TBH I’m not sure what’s going on there. k get says the pod is there. What does “delete-me” do? If it deletes the pod, then all bets are off.
and just to prove i wasn’t smokin something that i’m not supposed to, here’s a screenshot from k9s where it recognizes the existence of the pod but streaming out the logs returns back an error that the pod cannot be found.
oh that’s just the name of the folder where i’m currently at… you can ignore that part
Still don’t know what’s up. If you run k describe po -o wide
, what do you see now?
the details from the describe command makes one believe the pod is legit as you can from the output below but again it’s superficial as the info from the describe command is from the pod captured before the snapshot creation and got carried over after etcd was restored (clue: events shows 63m ago)… i tried restoring it again but same thing.
Name: most-critical-podv1
Namespace: cka
Priority: 0
Service Account: default
Node: worker-1/192.168.1.125
Start Time: Sat, 06 Apr 2024 09:45:24 +0800
Labels: run=most-critical-podv1
Annotations: <none>
Status: Running
IP: 10.0.1.7
IPs:
IP: 10.0.1.7
Containers:
most-critical-podv1:
Container ID: containerd://f6e75e7d2d0f9985860ef09dc07e94cd281f50ffb8f0771192ab2c20da429ed8
Image: nginx
Image ID: docker.io/library/nginx@sha256:6db391d1c0cfb30588ba0bf72ea999404f2764febf0f1f196acd5867ac7efa7e
Port: <none>
Host Port: <none>
State: Running
Started: Sat, 06 Apr 2024 09:45:27 +0800
Ready: True
Restart Count: 0
Environment: <none>
Mounts:
/var/run/secrets/kubernetes.io/serviceaccount from kube-api-access-cvxp4 (ro)
Conditions:
Type Status
Initialized True
Ready True
ContainersReady True
PodScheduled True
Volumes:
kube-api-access-cvxp4:
Type: Projected (a volume that contains injected data from multiple sources)

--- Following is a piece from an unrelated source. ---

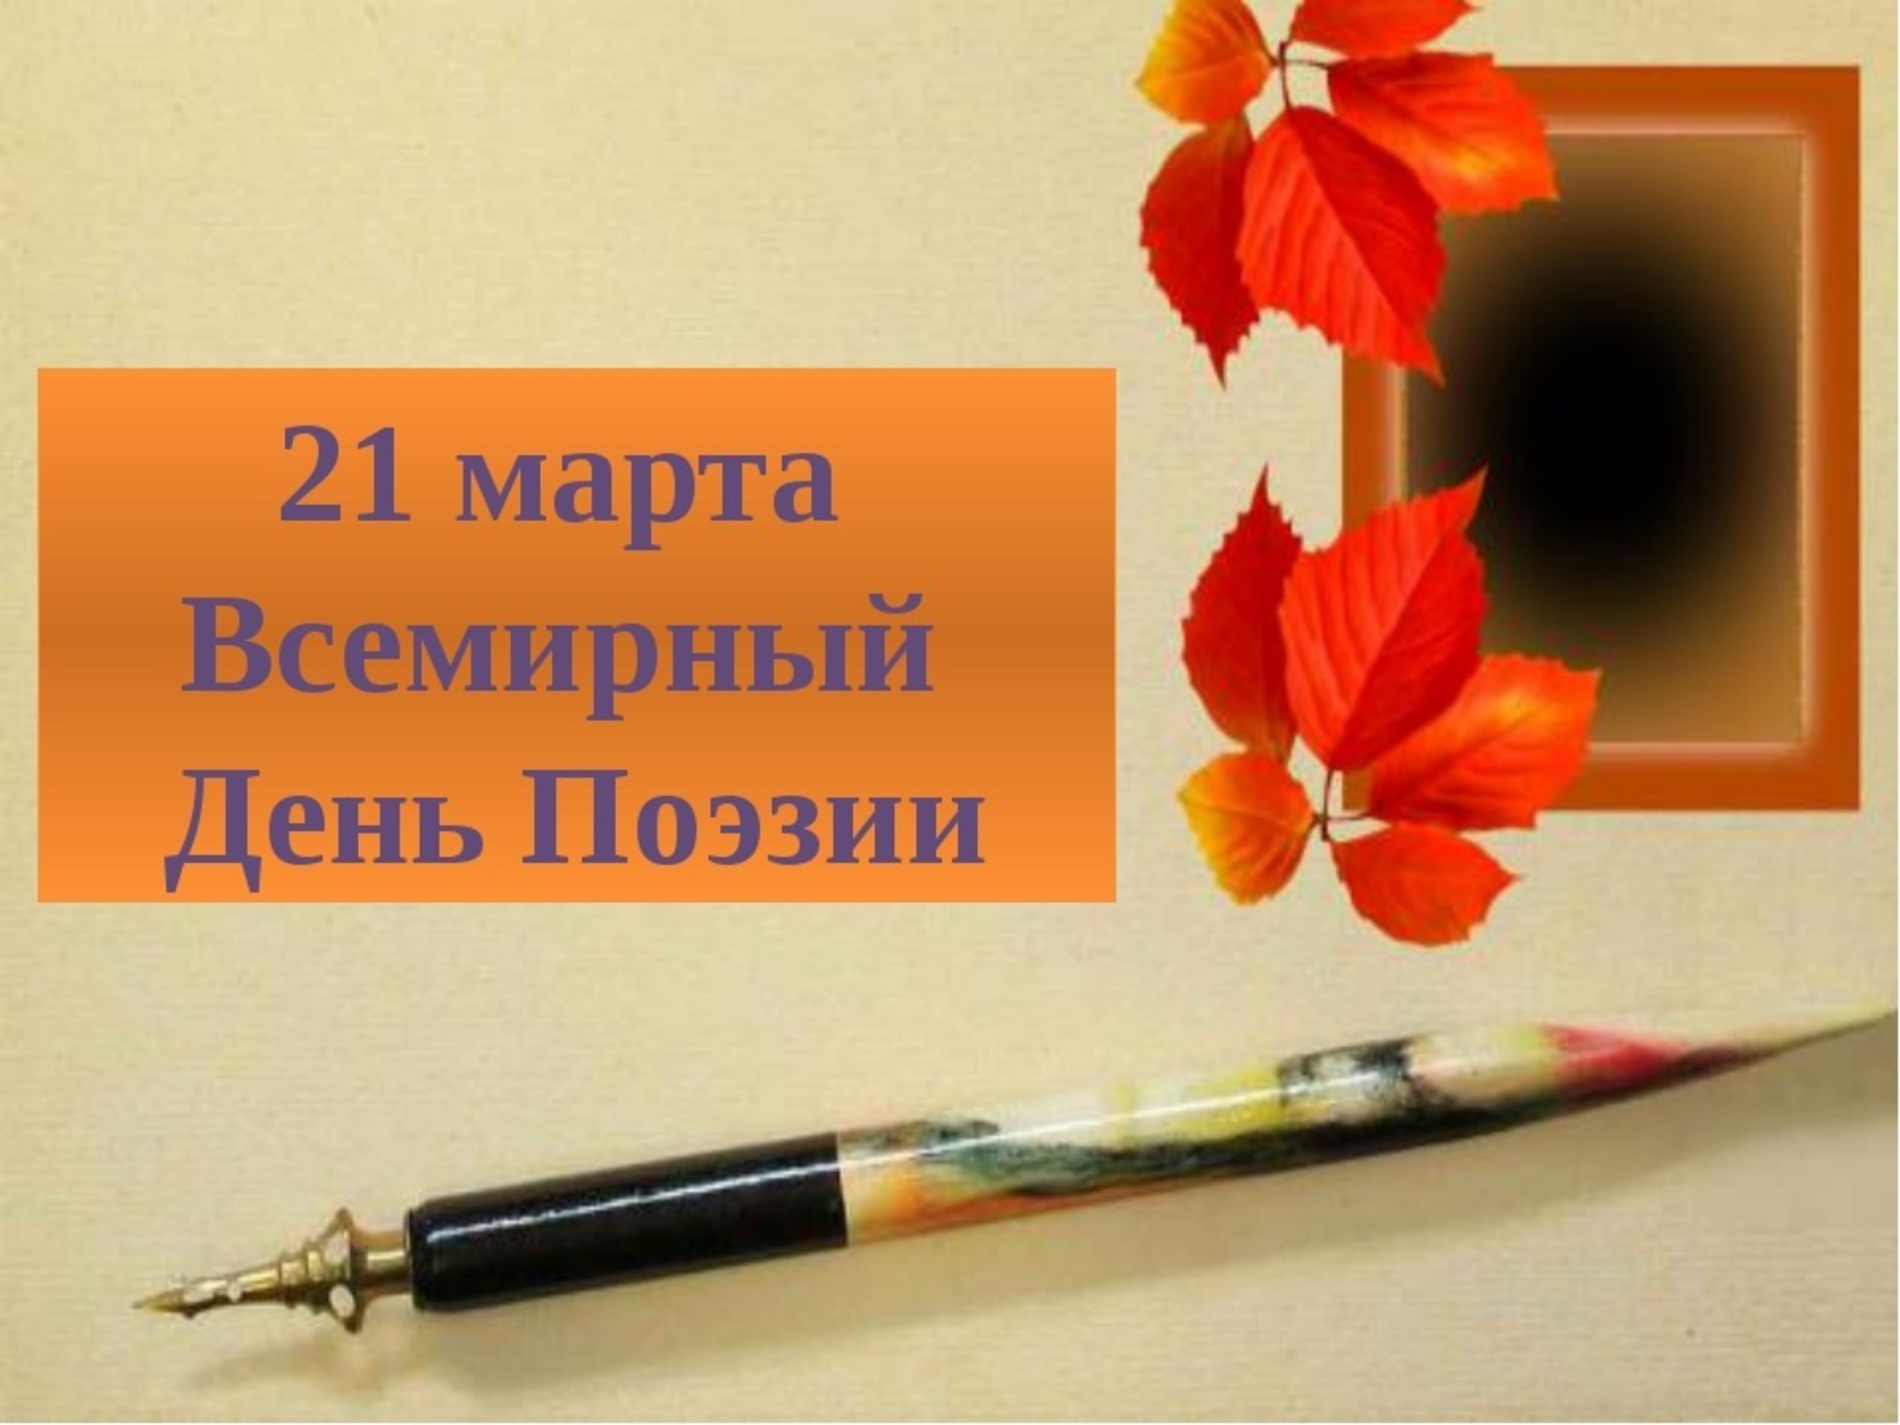 21 Марта Всемирный день поэзии

TokenExpirationSeconds: 3607
ConfigMapName: kube-root-ca.crt
ConfigMapOptional: <nil>
DownwardAPI: true
QoS Class: BestEffort
Node-Selectors: <none>
Tolerations: node.kubernetes.io/not-ready:NoExecute op=Exists for 300s
node.kubernetes.io/unreachable:NoExecute op=Exists for 300s
Events:
Type Reason Age From Message
---- ------ ---- ---- -------
Normal Scheduled 63m default-scheduler Successfully assigned cka/most-critical-podv1 to worker-1
Normal Pulling 63m kubelet Pulling image "nginx"
Normal Pulled 63m kubelet Successfully pulled image "nginx" in 2.410806133s (2.410810757s including waiting)
Normal Created 63m kubelet Created container most-critical-podv1
Normal Started 63m kubelet Started container most-critical-podv1
steps i did and how i managed to get myself into this predicament:
- create a pod named aptly most-critical-podv1
- create an etcd snapshot
- delete the pod
- restore etcd from the snapshot
- test if deleted pod was recovered from the restored snapshot by running a command inside the pod
if you have bandwidth at the moment, can you try recreate this simple step from your end and confirm if pod is indeed alive?
Can’t really do the whole process. And you have something weird here – I doubt I’d replicate what’s causing the weirdness. So here’s some things to try:
-
k -n cka get po most-critical-podv1 -o wide
, to get the node. - ssh THE-NODE
-
crictl ps | grep most-critical-podv1
to make sure the container actually exists on the node. - exit
-
k -n cka get po most-critical-podv1 -o yaml > mcp.yaml
to see if you get something that makes sense.
If all of these things work, the question is why exec does not work, because as we say in US English, if it walks like a duck, and talks like a duck, it’s a… duck.
well well well, lo and behold, the issue is also manifested in the practice exam… was able to restore the damn thing but its also superficial and the practice exam makes you believe the restoration is all well and good but as you can see in the screenshot, it’s the same error i was getting in my local environment. the deployment now exists and the pod shows it is running after etcd restoration but trying to run a command in one of the pods errors out with “does not exist”!
… so there must be another step missing here e.g., rollout-restart all deployments after restoration? I can see how that would work but what about stand-alone pods, there’s no way to restart it unless you generate and re-create from a manifest yaml file but that defeats the objective of what the backup and restore of etcd was all about?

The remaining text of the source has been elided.